Having taken a 33% stake in Tidal early in 2017, US telco Sprint has launched the latest element of its partnership with the streaming service. It’s a bundle called Unlimited Plus, which will be available to customers from 13 July.
“A feature-rich plan that includes unlimited data, talk and text with more mobile hotspot data, Tidal Premium music streaming and the TV you love, with Hulu, HD streaming and additional global roaming options,” as the telco described it.

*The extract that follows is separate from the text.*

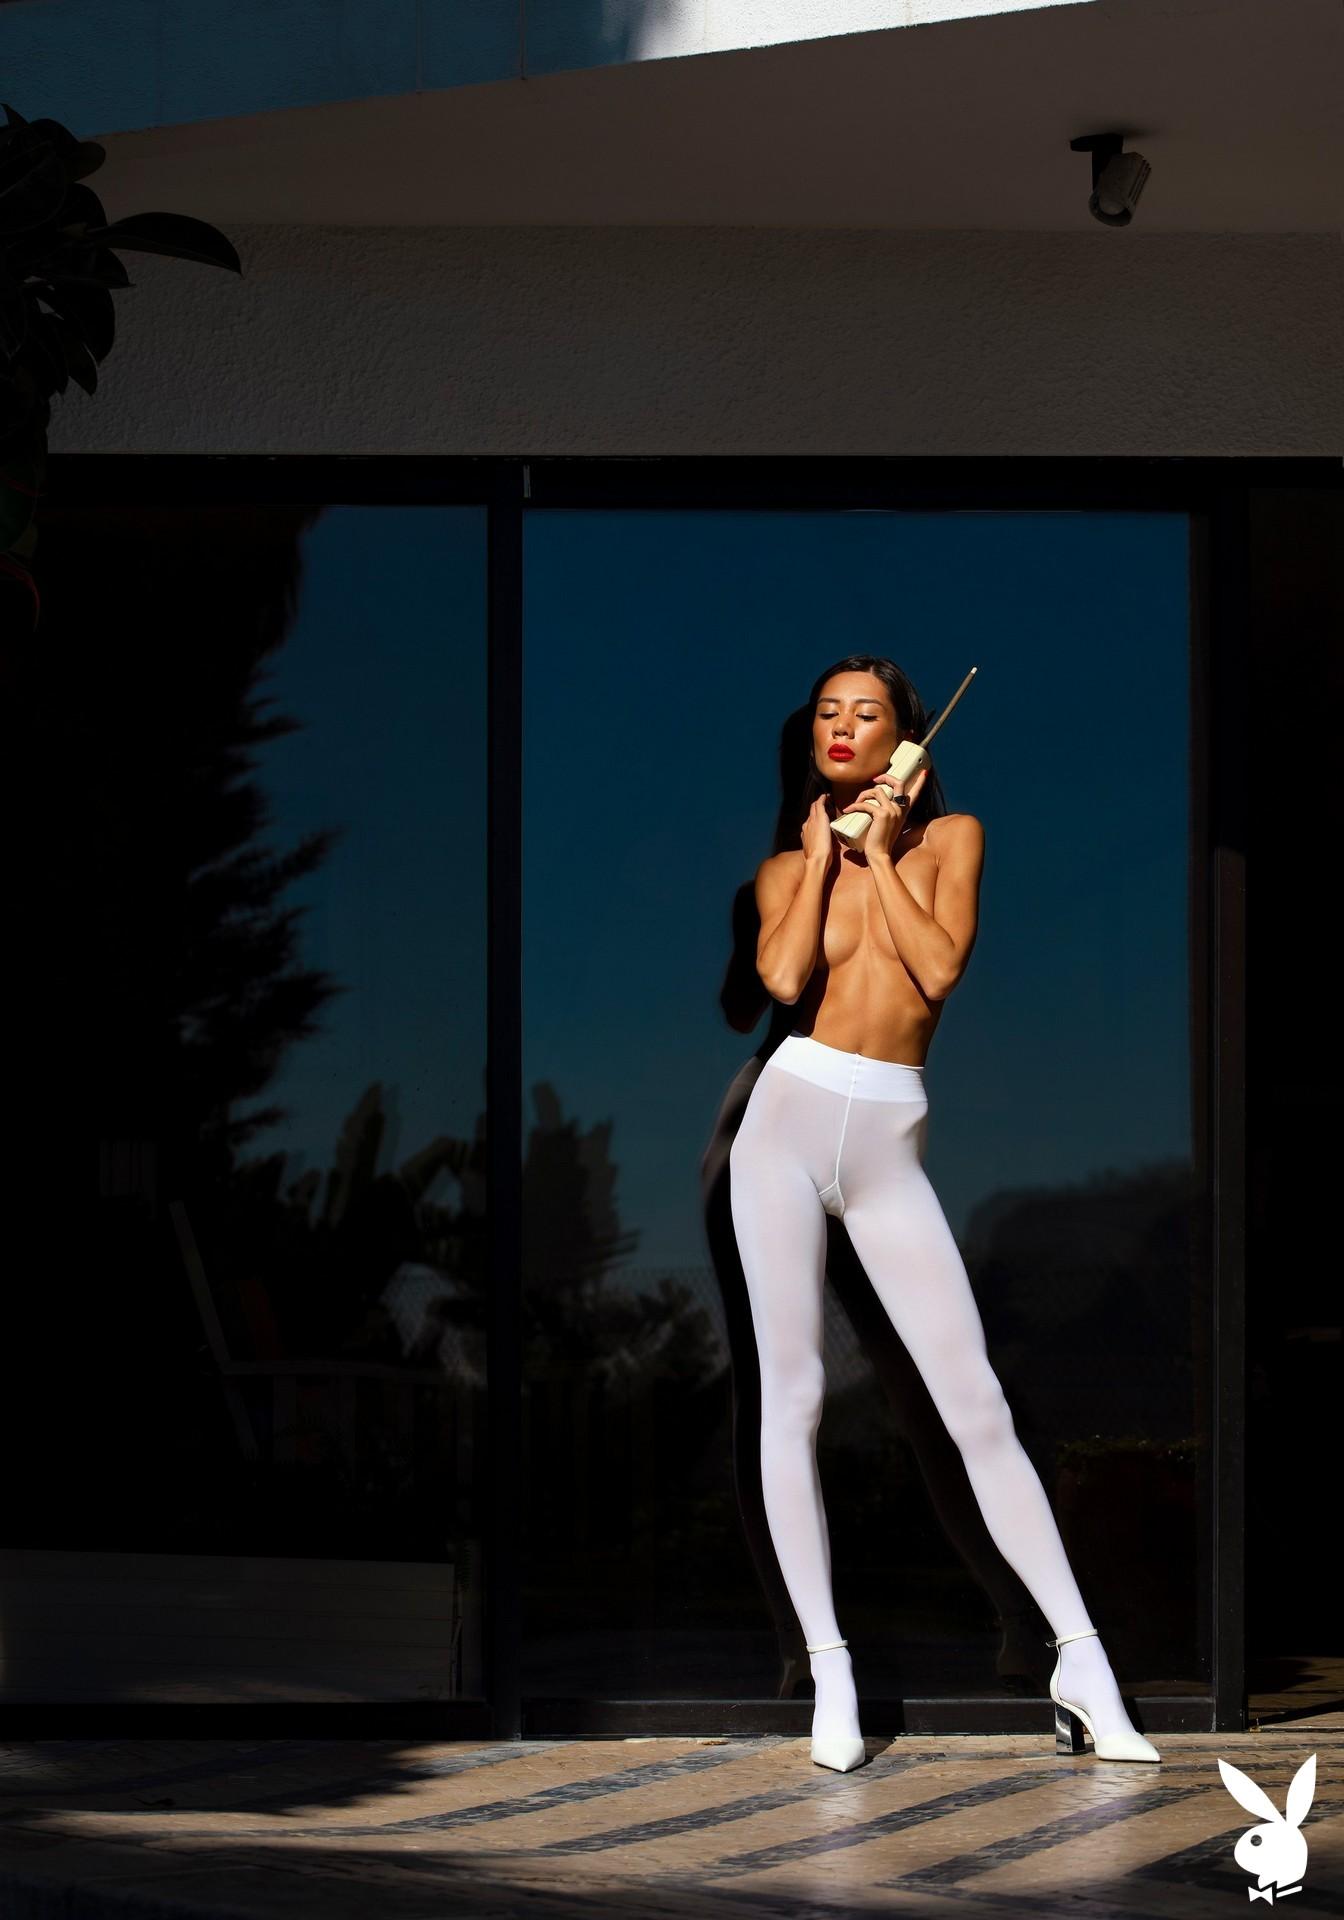 Cledia Fortin For Playboy International Playboy Plus (18)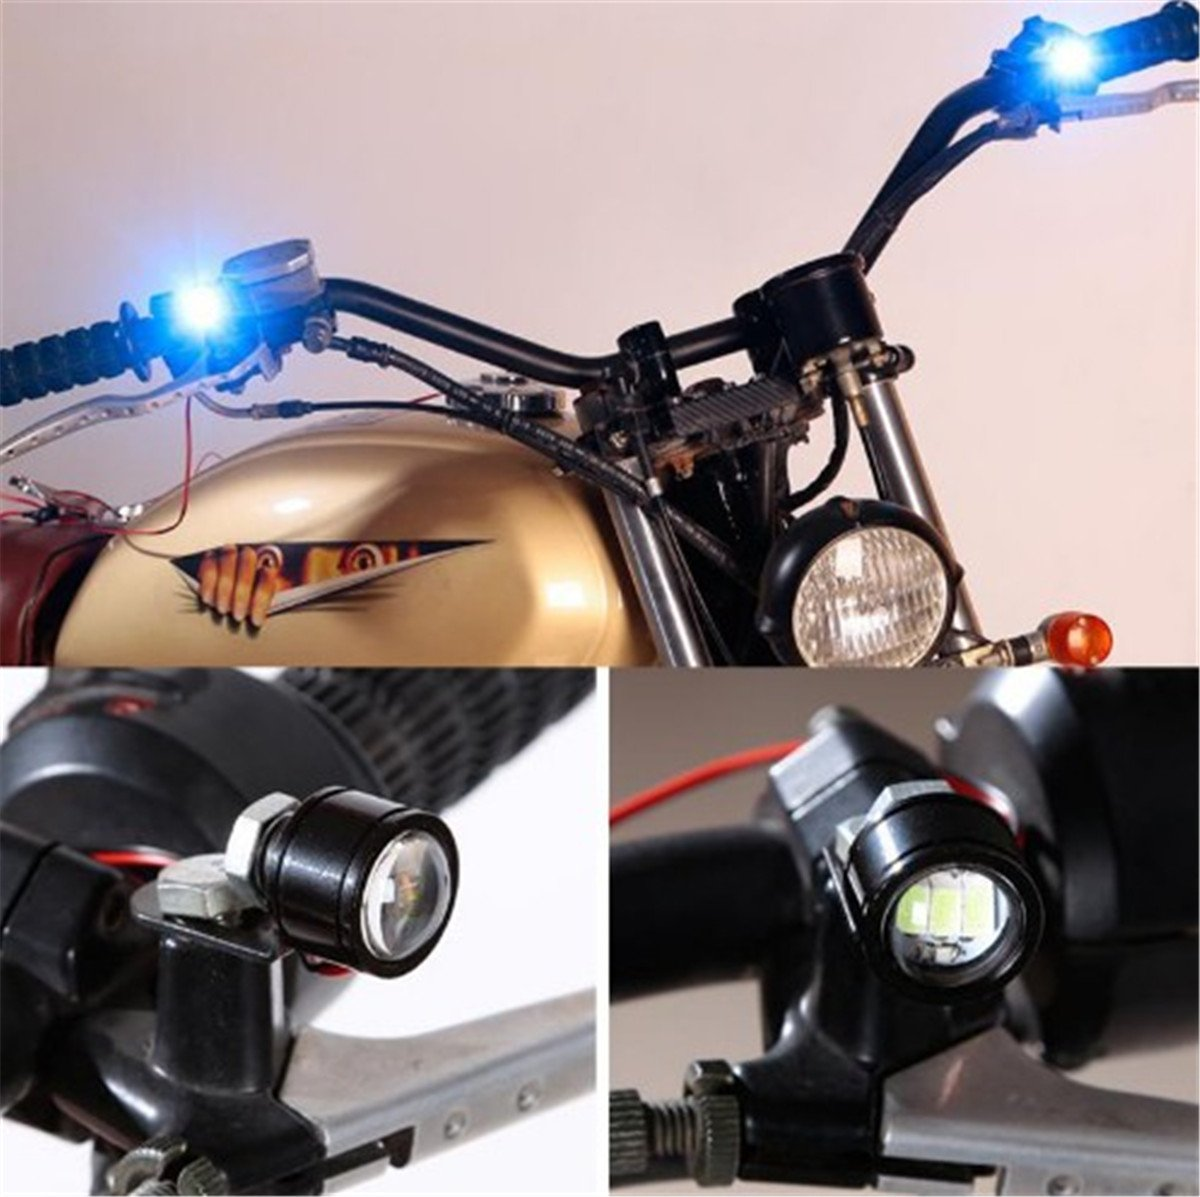 Fochutech 2 pcs 12V Bright Waterproof Motorcycle LED Headlight Spotlight Assist Lamp Rearview Mirror Strobe Light Universal Ice Blue, Constant

Customers can pay $22 per month per line for five lines, or $42 per month per line for five lines if they want to get a device as part of the plan. Sprint reportedly paid $200m for its Tidal stake in January 2017, valuing the streaming service at $600m – more than 10 times the $56m that Jay-Z paid for the service’s founding parent-company Aspiro in early 2015.
In June 2017, Sprint offered its new and existing customers a six-month free trial of Tidal’s HiFi tier, shortly before Jay-Z made his 4:44 album available exclusively (for a short time) to Sprint and Tidal customers.
Since then, Norwegian newspaper Dagens Næringsliv has published a series of stories casting doubt on Tidal’s business: from claiming in December 2017 that the Sprint investment gave Tidal a mere ’12-18 months of runway’ to continue operating, to a report in May this year focusing on stream counts of albums by Kanye West and Beyoncé.